Limitations & Future Work¶
- Narrow Tool Scope: 34 tools are few compared to the hundreds available in biomedicine; future expansion to chemistry, proteomics imaging, and clinical trial databases is needed.
- High Verification Cost: 7,040 entries require expert review, making it hard to scale infinitely. A hybrid "expert review + active learning" paradigm could be explored.
- Closed-source Base LLM: The final answer quality used GPT-5.1, hindering full open-source replication; a fully open stack is ideal.
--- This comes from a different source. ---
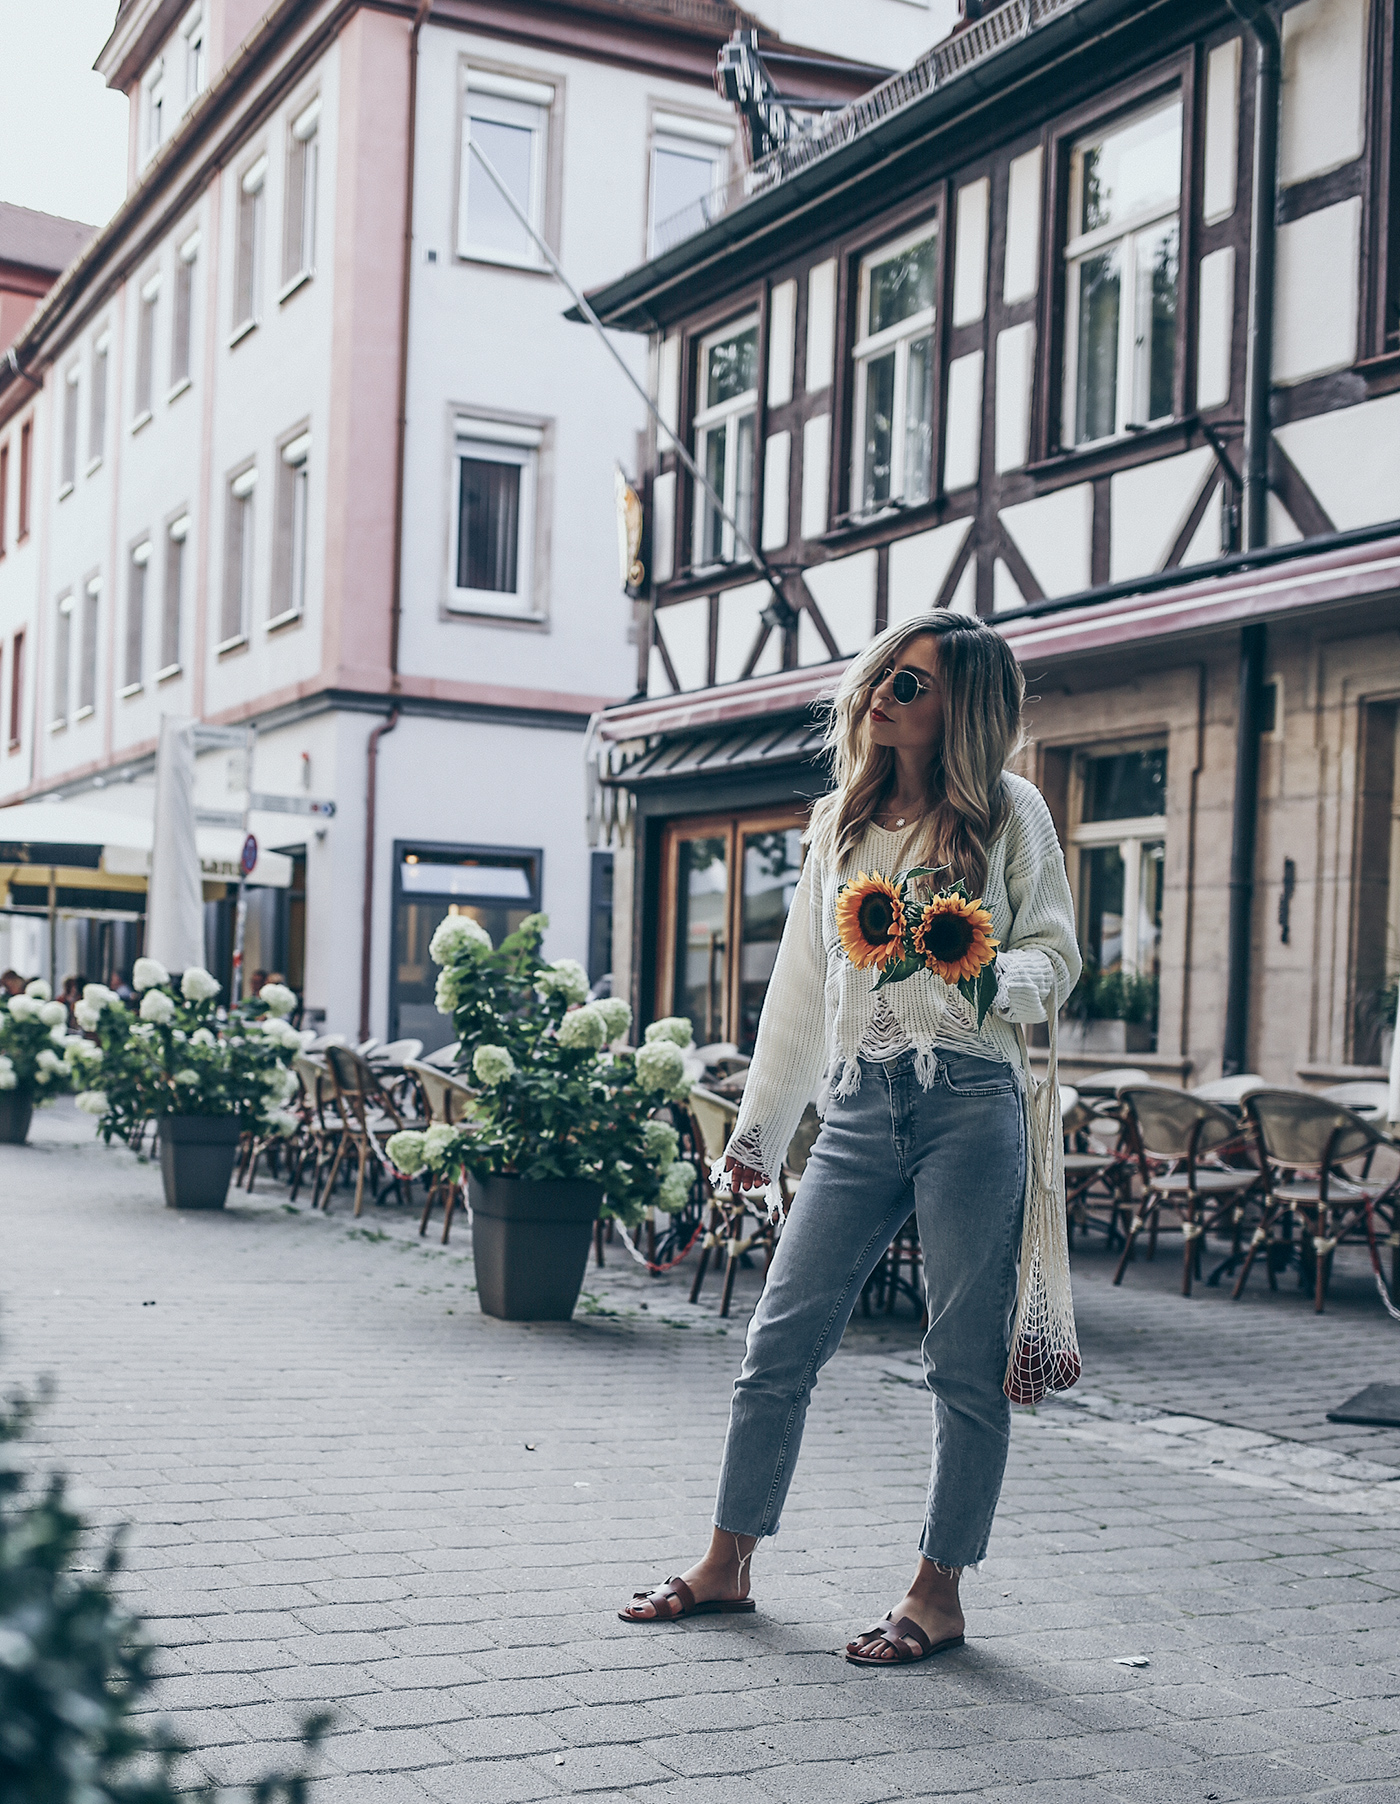 Hermes-Oran-Sandals-Outfit-Net-Bag-Summer-Trend-2017-Street

- No Multi-tool Chaining: Currently, each sample corresponds to a single API call. Complex biological questions often require chains (e.g., BLAST → annotation → cross-reference), requiring future expansion to multi-step tool use.
Related Work & Insights¶
- vs Toolformer / Gorilla: These are general tool datasets with minimal biomedical coverage and lower schema complexity compared to NCBI/Ensembl. Ours focuses specifically on biology with stricter schemas.
- vs GeneGPT: Also targets NCBI, but GeneGPT uses ICL, limiting the number of tools. BioTool internalizes schemas for 34 tools into weights via SFT.
- vs ChemCrow / SciAgent: These scientific agent routes emphasize orchestration. BioTool is complementary, providing high-quality training data to strengthen tool-caller modules within such agents.
- vs Biomni: A general biomedical agent with a smaller toolset; BioTool data can directly enhance its caller.
Rating¶
- Novelty: ⭐⭐⭐⭐ Solid reverse synthesis paradigm, though individual components are not entirely original.
- Experimental Thoroughness: ⭐⭐⭐⭐ Reports both API-quality benchmarks and human expert H2H evaluations; Oracle analysis is a major plus.
- Writing Quality: ⭐⭐⭐⭐ Clear three-part narrative: dataset → experiment → human evaluation.
- Value: ⭐⭐⭐⭐⭐ 7,040 high-quality data points plus open-source code/dataset provide usable infrastructure for the biomedical LLM community.